Other than those concerns, I have the impression that the Casios seem to be more durable, tougher as it were, and not feel as fragile as the Suunto Core (at least when compared the version I have right now). And I like the fact that the Casios are solar powered and sync with an atomic clock, so that I will always have an accurate watch (I live in a region where it will be able to sync). This is also a watch I'd want to wear when not hiking in the outdoors, just on my days off when not at work.

So I wonder if anyone here can clarify things for me here. Would really appreciate it. Am really thinking hard about ordering the PRW-3000 from Japan and trade in the Suunto. But I'm not sure if I'd be making the right decision, also because I got a good price on the Suunto (€ 180).

Thanks in advance for your help!


----------



## HereComesTheBOOM

The altimeter one the Casio is basically useless unless you calibrate it every single day (or even more often). The Barometer & compass are great though, and the solar power is just awesome. It all depends what you're looking for really. I decided to stick to a dedicated GPS myself and chose a Protrek as my everyday watch, some people just buy both


----------



## starfly

Hmm, okay. That's something to consider. How does the Suunto compare to Casio in terms of durability/reliability? In general I've heard more complaints about the Suunto than the Casio. But of course I don't have any objective data.

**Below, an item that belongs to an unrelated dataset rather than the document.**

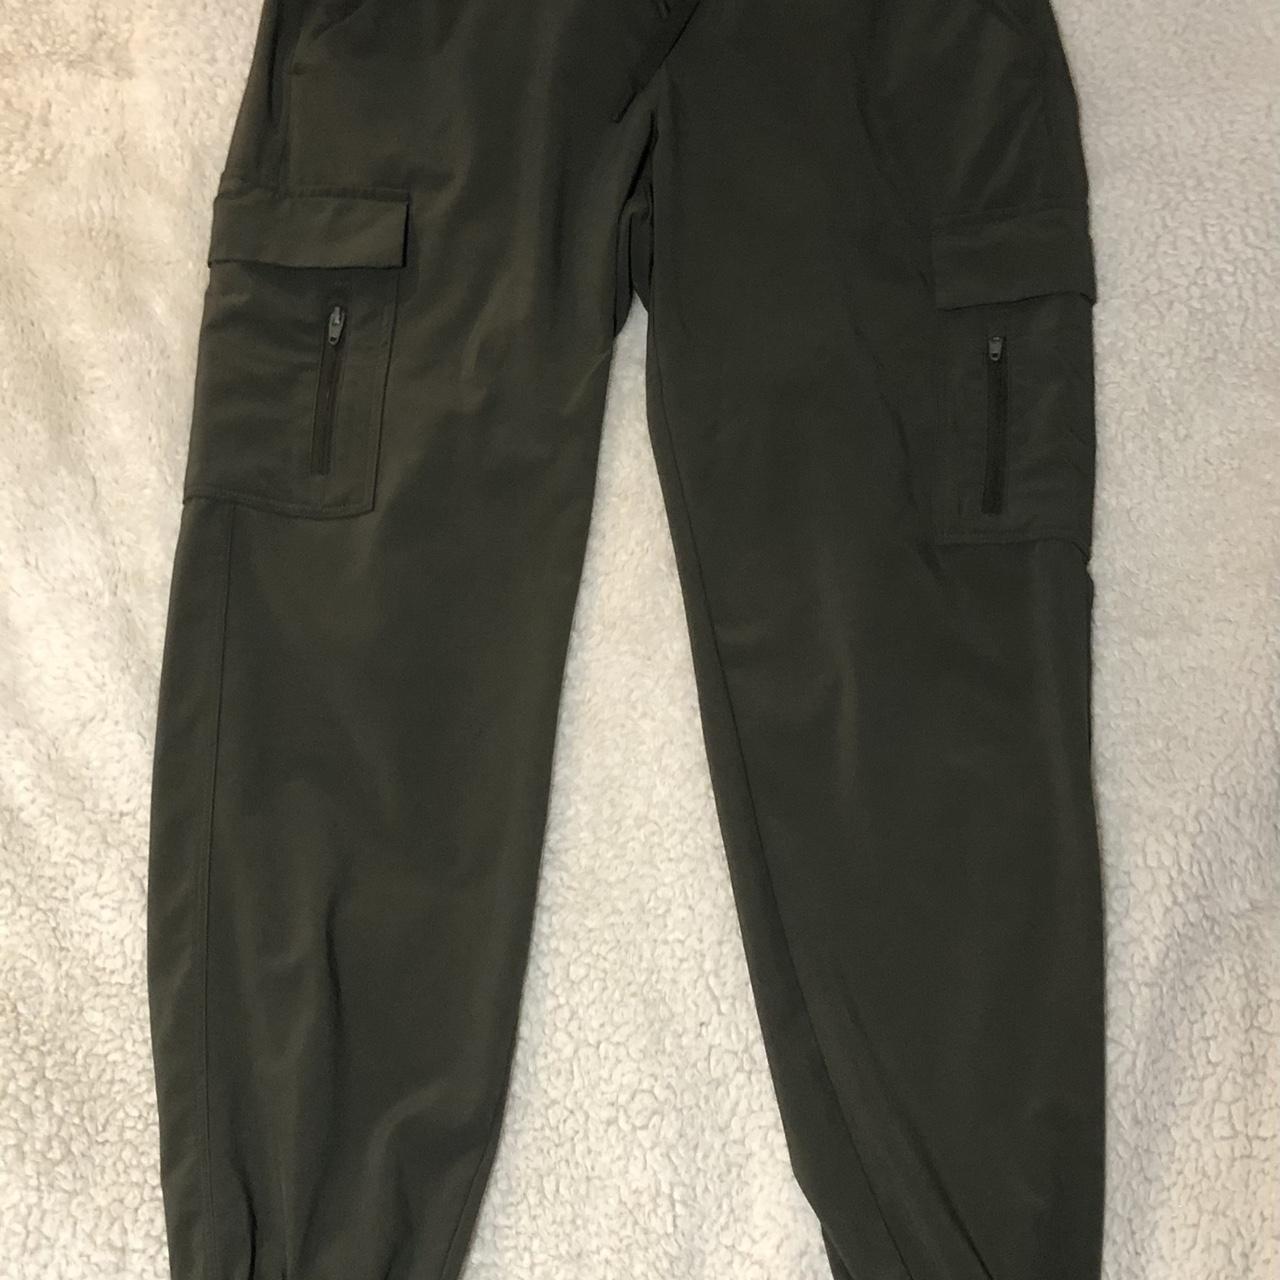 all in motion from Target jogger pants in color - Depop

And also, if I were to do a serious multi-day trek, I would get some proper equipment such as a professional compass and gps.


----------



## hiker

HereComesTheBOOM said:


> The altimeter one the Casio is basically useless unless you calibrate it every single day (or even more often). The Barometer & compass are great though, and the solar power is just awesome. It all depends what you're looking for really. I decided to stick to a dedicated GPS myself and chose a Protrek as my everyday watch, some people just buy both


I wont be that harsh on casio.yes casio has less functions than suunto core but its altimeter is as accurate as suunto.i have tried casio in my hikes so I have practical experience.the casio was spot on with 3 other altimeters one of which was swiss.its just that casio does not have mean sea level,altimeter barometer lock ,etc.but for many these features are not that vital


----------



## hiker

starfly said:


> Hmm, okay. That's something to consider. How does the Suunto compare to Casio in terms of durability/reliability? In general I've heard more complaints about the Suunto than the Casio. But of course I don't have any objective data.
> 
> And also, if I were to do a serious multi-day trek, I would get some proper equipment such as a professional compass and gps.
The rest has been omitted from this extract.